#### [Directions for this task]
Reproduce, exactly, the lines of the material below from the line containing "Ασήμι 100 λέβα" through the line containing "Apple Watch Band in Ochre | Machete", with both end lines included and nothing else.

#### [Records for processing]
>>>

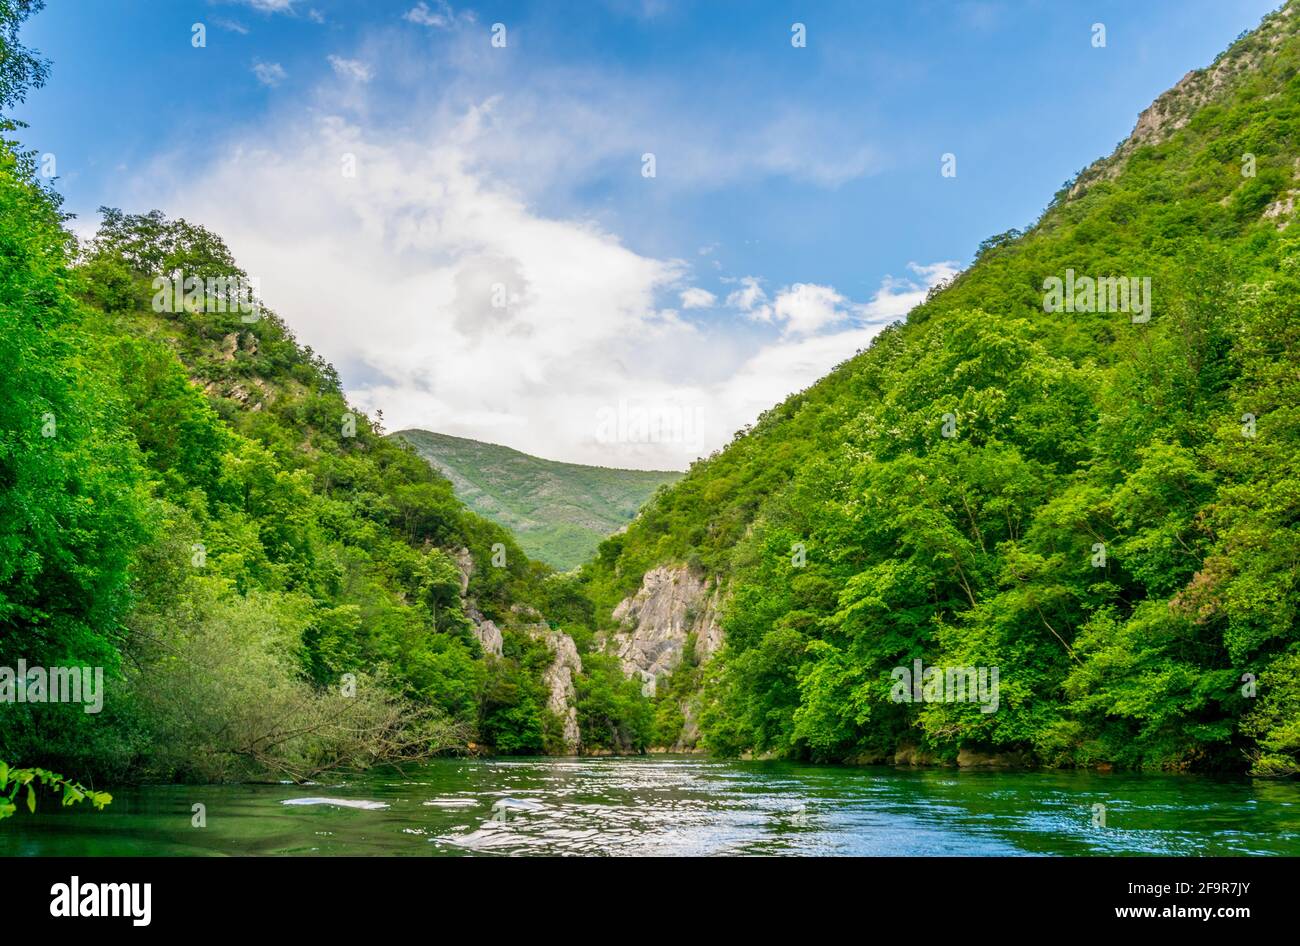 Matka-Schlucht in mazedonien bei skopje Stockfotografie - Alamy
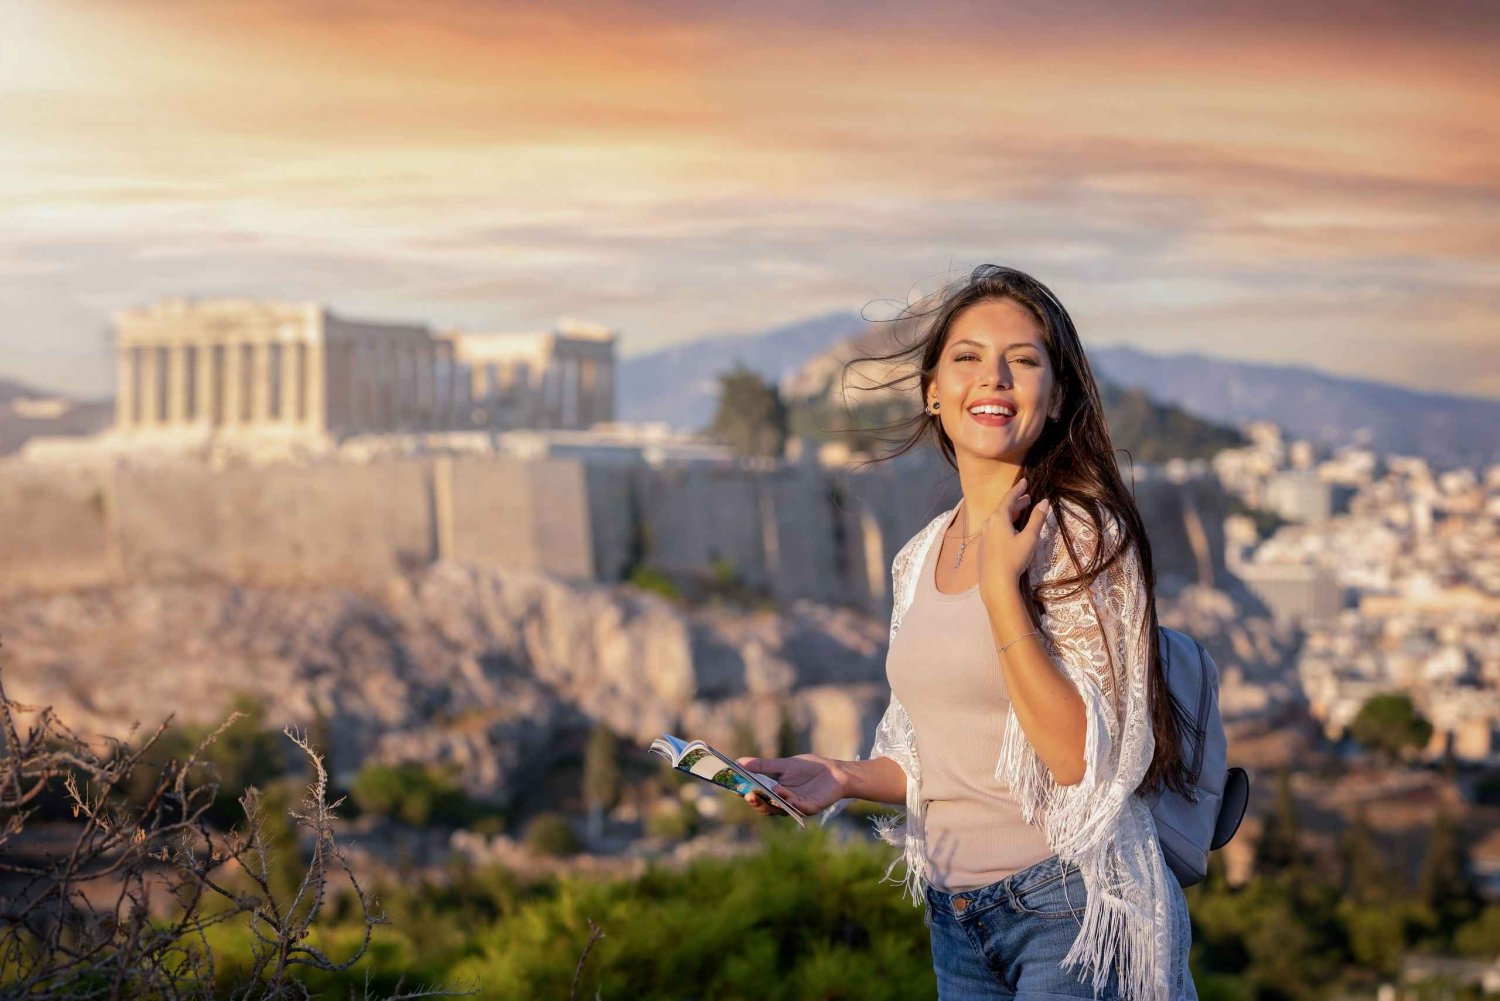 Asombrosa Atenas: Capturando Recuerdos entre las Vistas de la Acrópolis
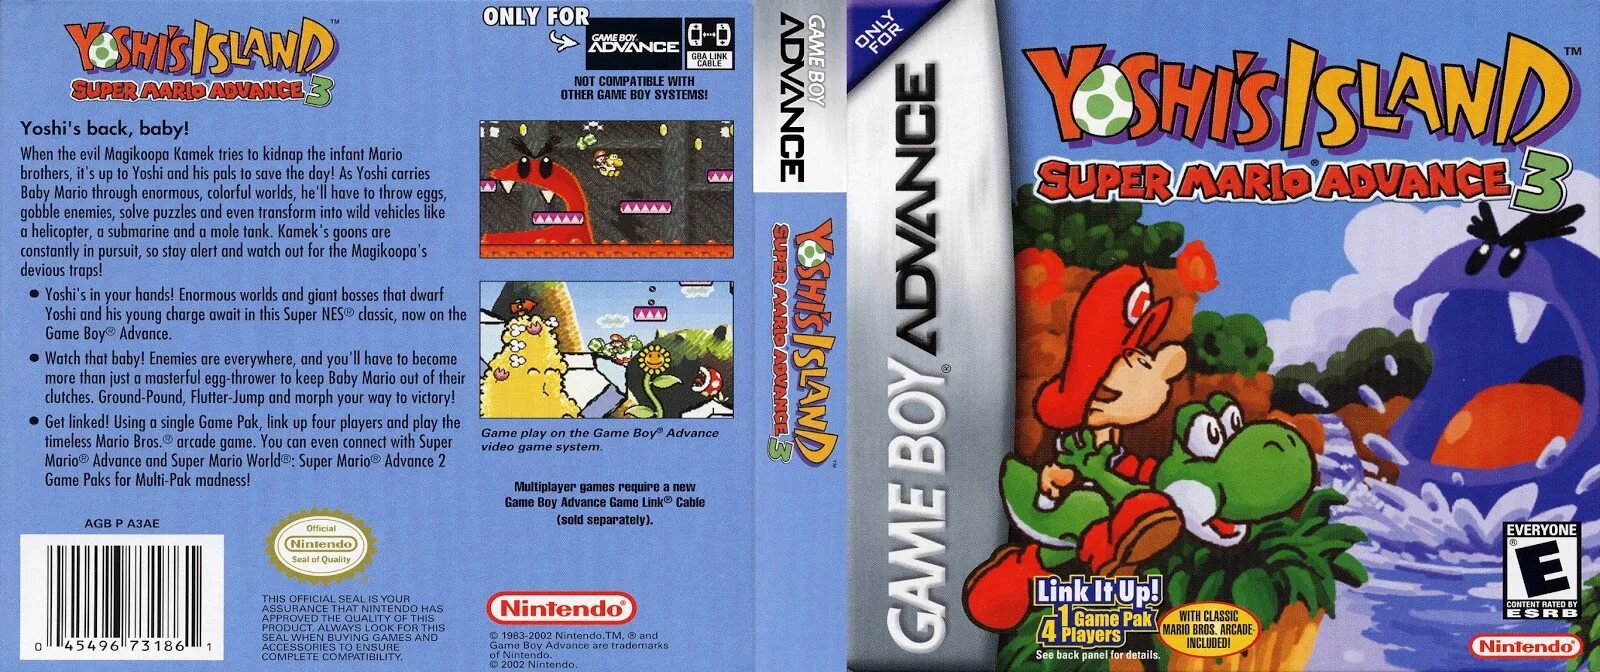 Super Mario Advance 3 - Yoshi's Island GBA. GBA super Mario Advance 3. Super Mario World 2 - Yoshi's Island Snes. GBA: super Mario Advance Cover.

<<<
>>>

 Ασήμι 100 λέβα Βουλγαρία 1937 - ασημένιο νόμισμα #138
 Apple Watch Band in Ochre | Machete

<<<
>>>

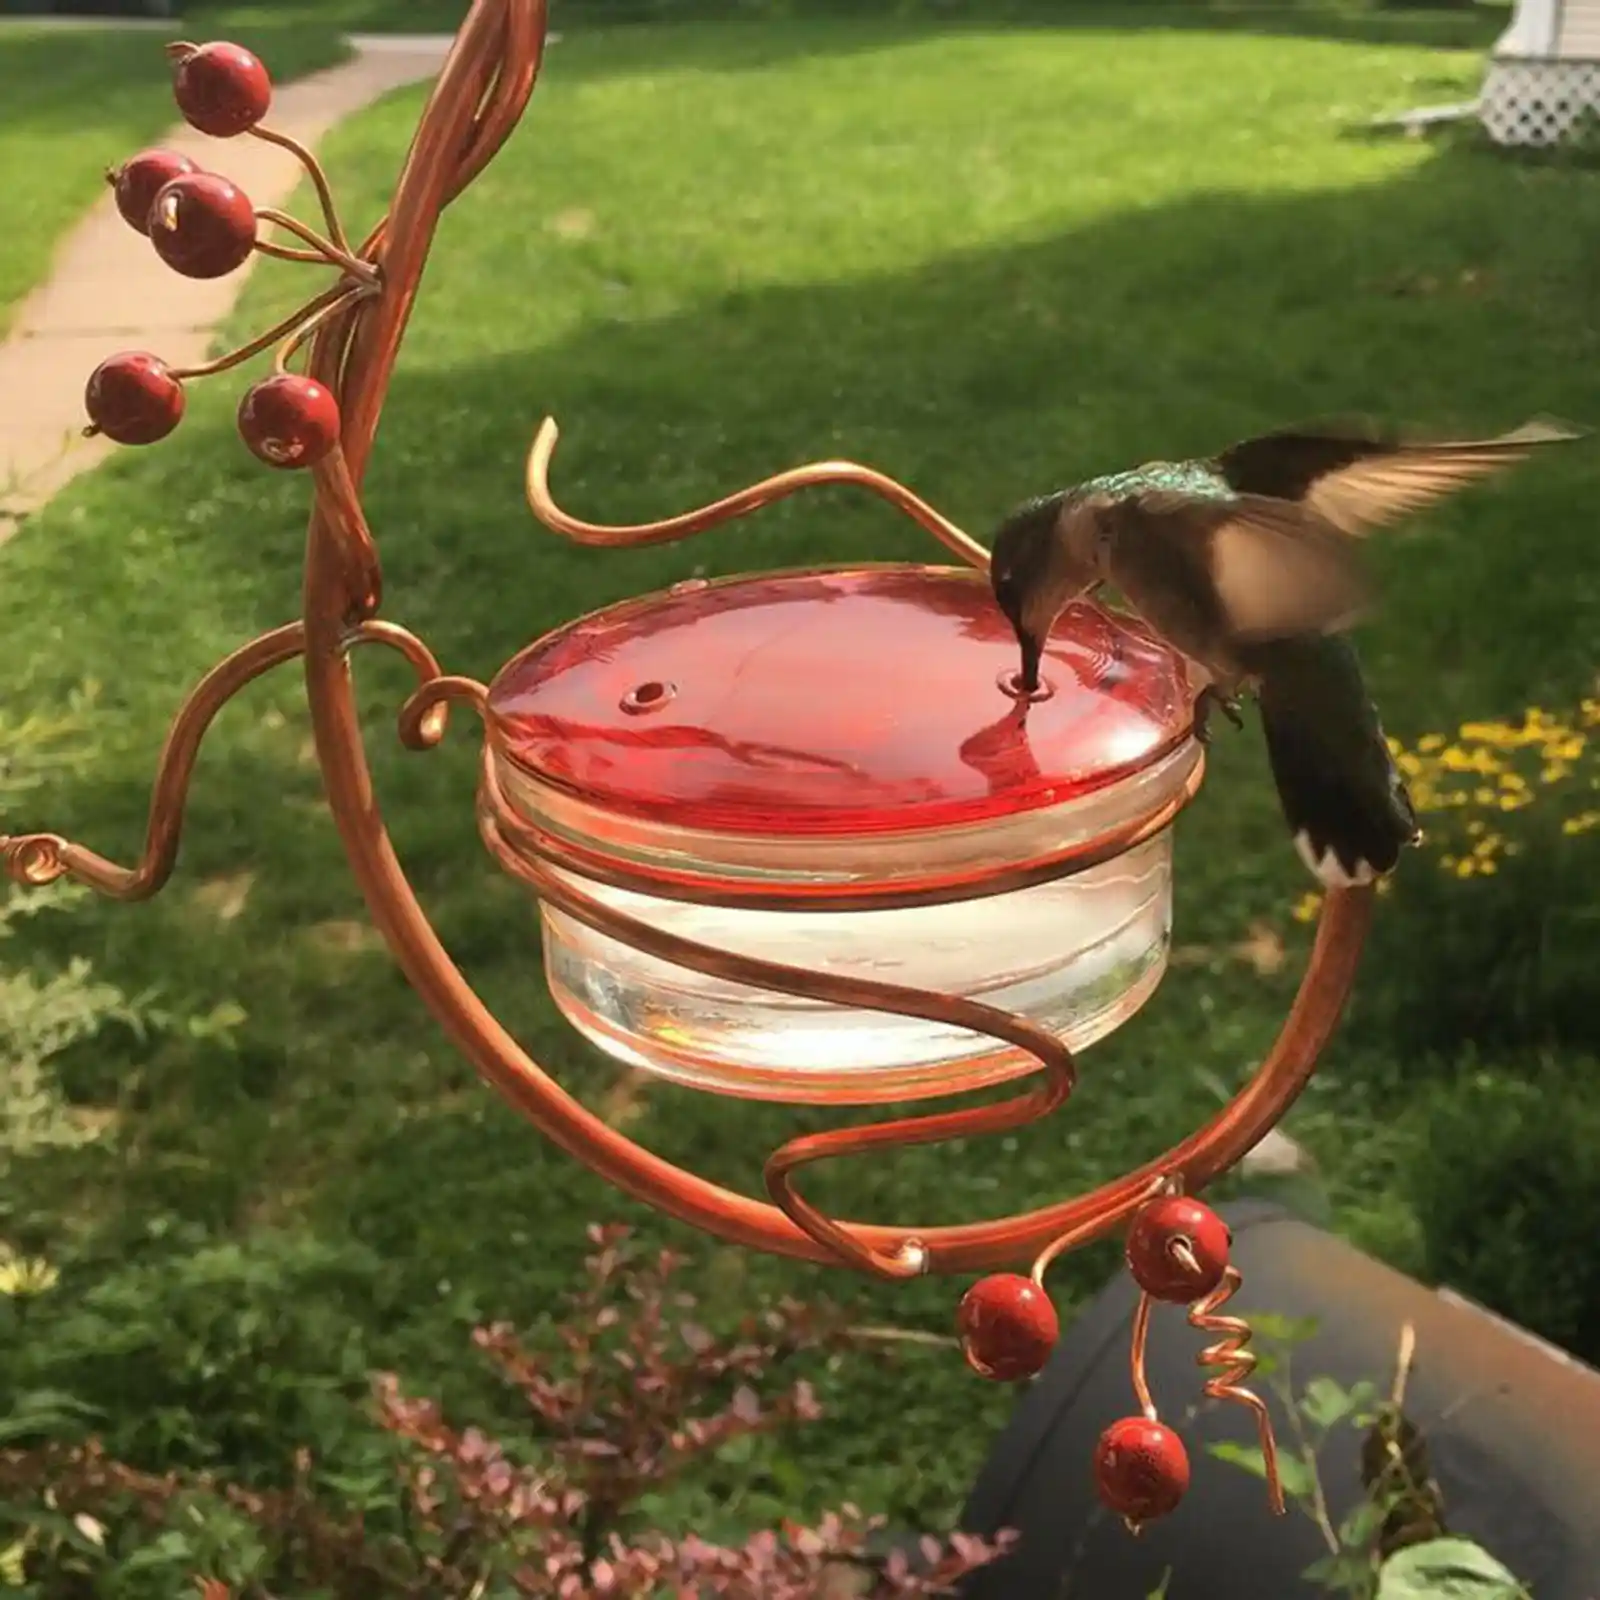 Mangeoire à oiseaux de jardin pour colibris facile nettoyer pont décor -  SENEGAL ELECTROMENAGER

<<<

#### [Response]
 Ασήμι 100 λέβα Βουλγαρία 1937 - ασημένιο νόμισμα #138
 Apple Watch Band in Ochre | Machete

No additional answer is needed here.